Other passes are unable to reverse this transform if we use dominating
conditions.

Fixes #88239.
---
 llvm/include/llvm/Analysis/SimplifyQuery.h          |  6 ++++++
 .../Transforms/InstCombine/InstCombineAddSub.cpp    |  6 ++++--
 llvm/test/Transforms/InstCombine/sub-xor.ll         |  4 +++-
 llvm/test/Transforms/PhaseOrdering/X86/pr88239.ll   | 13 ++++++-------
 4 files changed, 19 insertions(+), 10 deletions(-)

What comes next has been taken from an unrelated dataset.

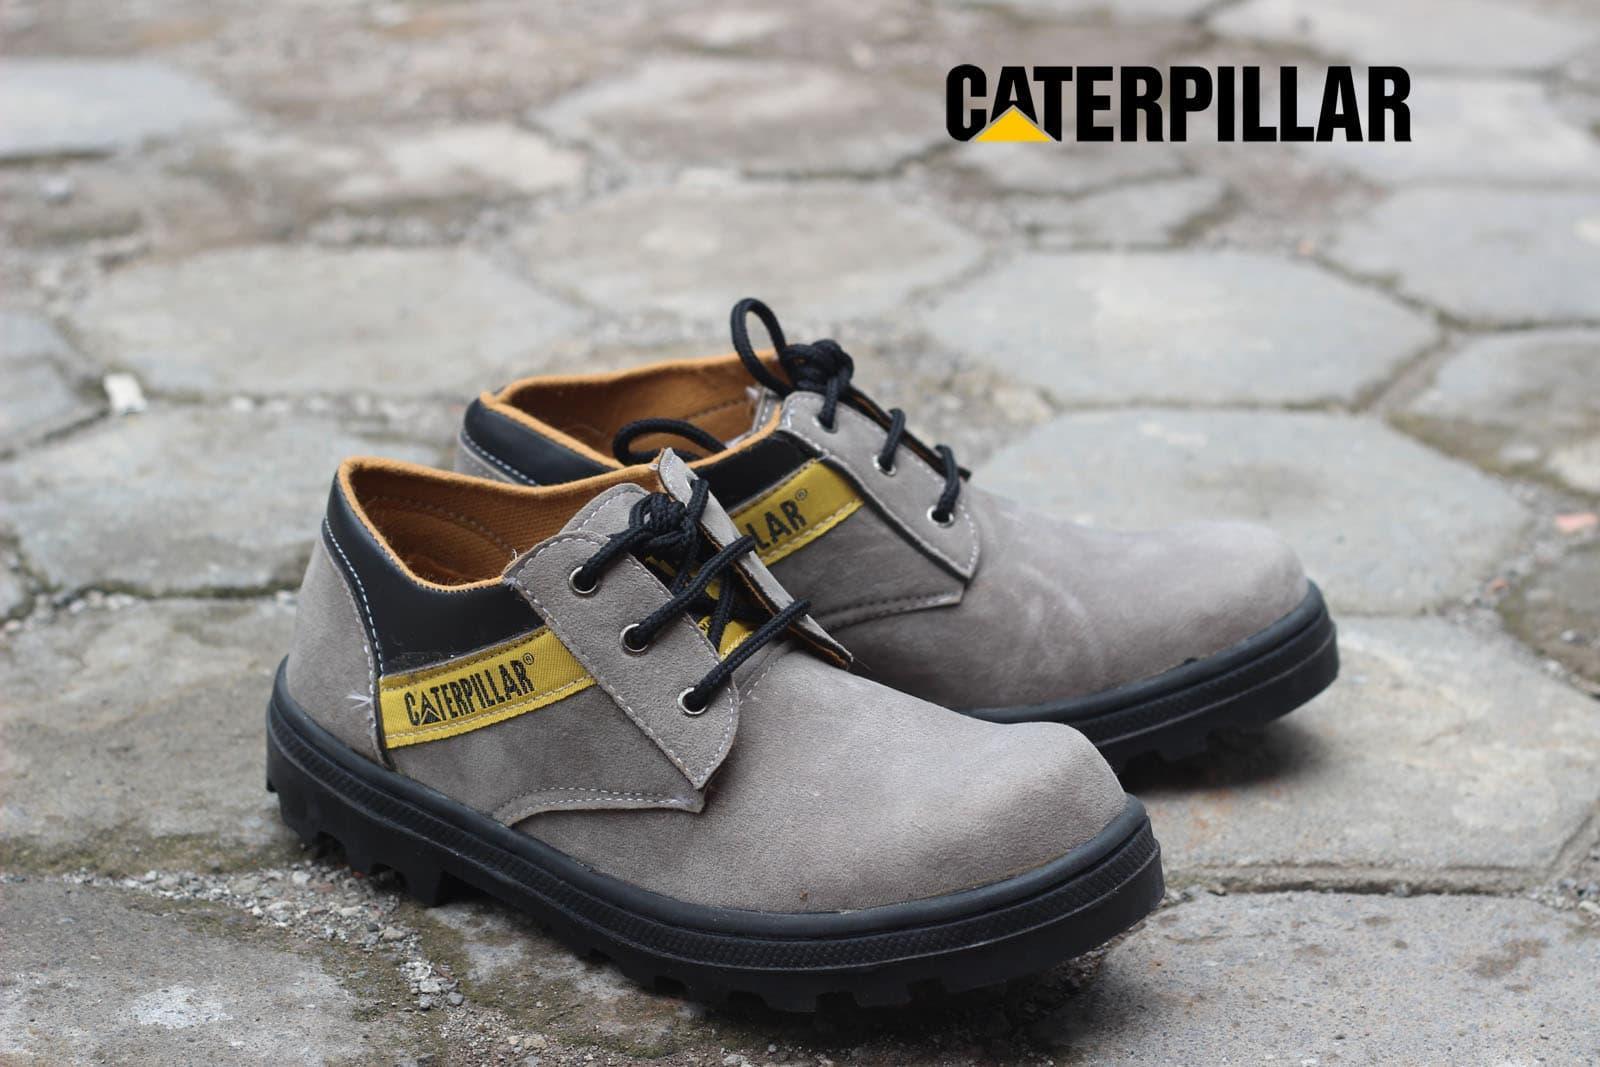 38 Harga Flash Sale Sepatu Boots 2018 Caterpillar Low Suede Terlaris Safety Pria Pendek Warna Abu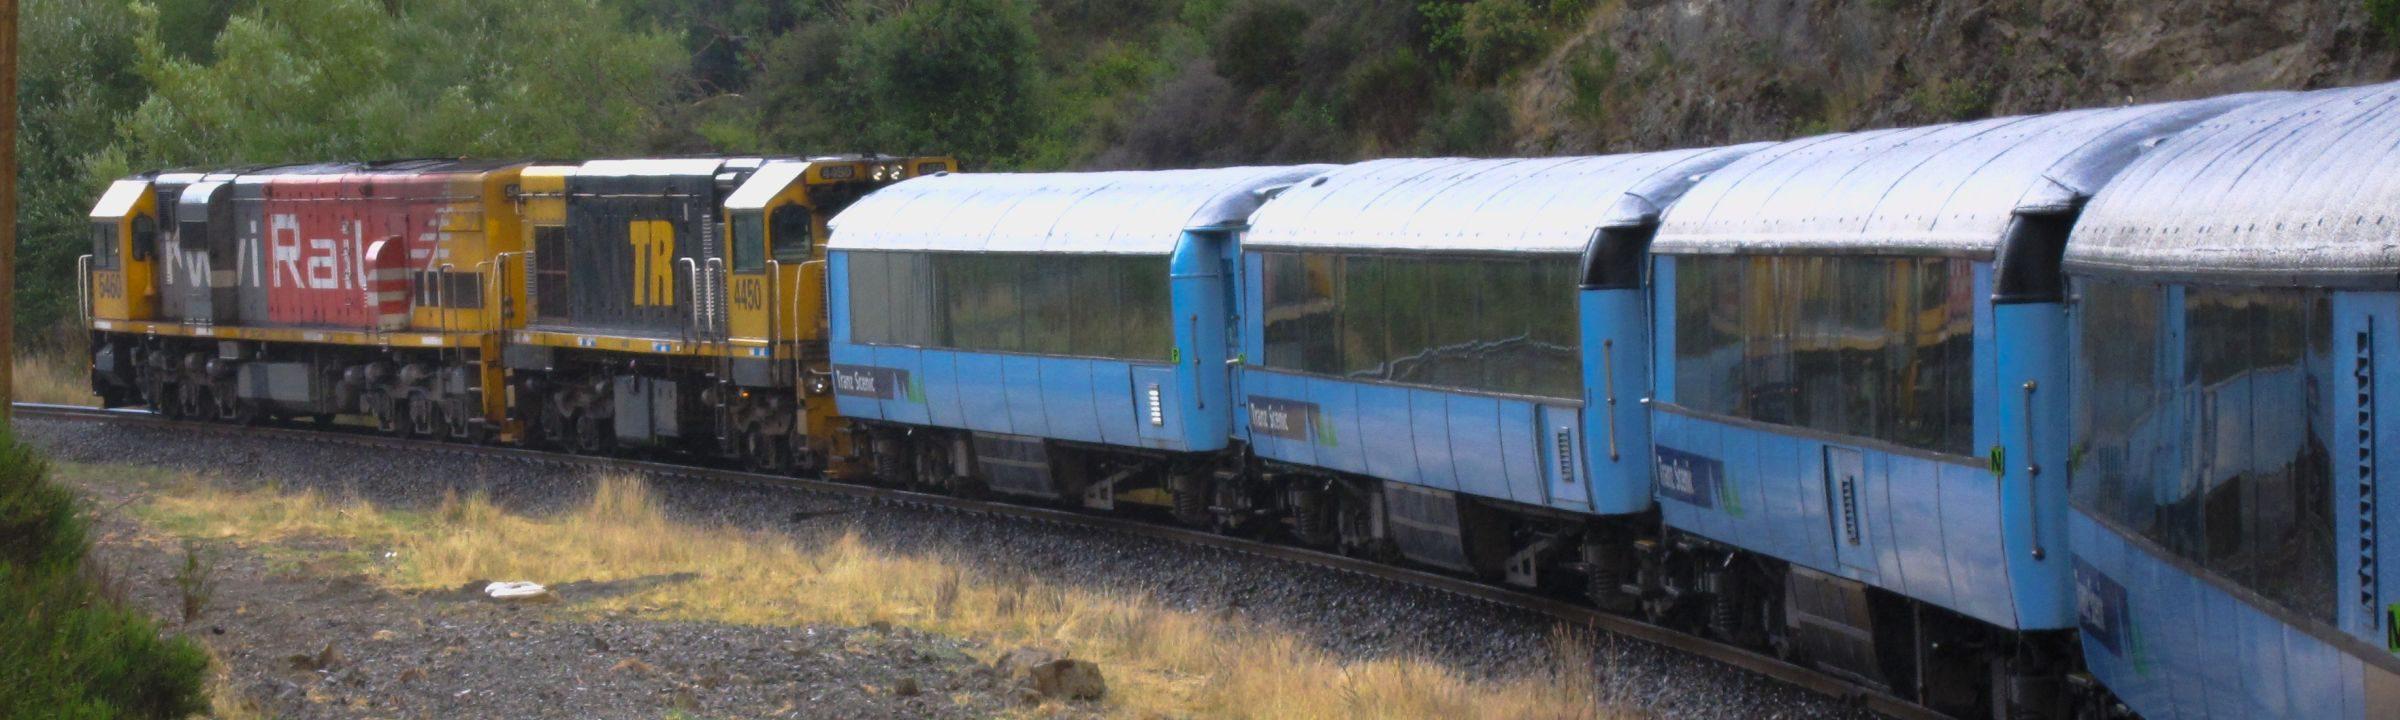 Kiwi Rail unterwegs nach Greymouth

diff --git a/llvm/include/llvm/Analysis/SimplifyQuery.h b/llvm/include/llvm/Analysis/SimplifyQuery.h
index e5e6ae0d3d8e3e..a10c0dc49fa22e 100644
--- a/llvm/include/llvm/Analysis/SimplifyQuery.h
+++ b/llvm/include/llvm/Analysis/SimplifyQuery.h
@@ -113,6 +113,12 @@ struct SimplifyQuery {
     using namespace PatternMatch;
     return match(V, m_Undef());
   }
+
+  SimplifyQuery getWithoutDomCondCache() const {
+    SimplifyQuery Copy(*this);
+    Copy.DC = nullptr;
+    return Copy;
+  }
 };
 
 } // end namespace llvm
diff --git a/llvm/lib/Transforms/InstCombine/InstCombineAddSub.cpp b/llvm/lib/Transforms/InstCombine/InstCombineAddSub.cpp
index c59b867b10e7d1..df7f02810ee43f 100644
--- a/llvm/lib/Transforms/InstCombine/InstCombineAddSub.cpp
+++ b/llvm/lib/Transforms/InstCombine/InstCombineAddSub.cpp
@@ -2281,8 +2281,10 @@ Instruction *InstCombinerImpl::visitSub(BinaryOperator &I) {
   if (match(Op0, m_APInt(Op0C))) {
     if (Op0C->isMask()) {
       // Turn this into a xor if LHS is 2^n-1 and the remaining bits are known
-      // zero.
-      KnownBits RHSKnown = computeKnownBits(Op1, 0, &I);
+      // zero. We don't use information from dominating conditions so this
+      // transform is easier to reverse if necessary.
+      KnownBits RHSKnown = llvm::computeKnownBits(
+          Op1, 0, SQ.getWithInstruction(&I).getWithoutDomCondCache());
       if ((*Op0C | RHSKnown.Zero).isAllOnes())
         return BinaryOperator::CreateXor(Op1, Op0);
     }
diff --git a/llvm/test/Transforms/InstCombine/sub-xor.ll b/llvm/test/Transforms/InstCombine/sub-xor.ll
index b4e87d0405fc48..2976598e043fee 100644
--- a/llvm/test/Transforms/InstCombine/sub-xor.ll
+++ b/llvm/test/Transforms/InstCombine/sub-xor.ll
@@ -158,13 +158,15 @@ define <2 x i8> @xor_add_splat_undef(<2 x i8> %x) {
   ret <2 x i8> %add
 }
 
+; Make sure we don't convert sub to xor using dominating condition. That makes
+; it hard for other passe to reverse.
 define i32 @xor_dominating_cond(i32 %x) {
 ; CHECK-LABEL: @xor_dominating_cond(
 ; CHECK-NEXT:  entry:
 ; CHECK-NEXT:    [[COND:%.*]] = icmp ult i32 [[X:%.*]], 256
 ; CHECK-NEXT:    br i1 [[COND]], label [[IF_THEN:%.*]], label [[IF_END:%.*]]
 ; CHECK:       if.then:
-; CHECK-NEXT:    [[A:%.*]] = xor i32 [[X]], 255
+; CHECK-NEXT:    [[A:%.*]] = sub nuw nsw i32 255, [[X]]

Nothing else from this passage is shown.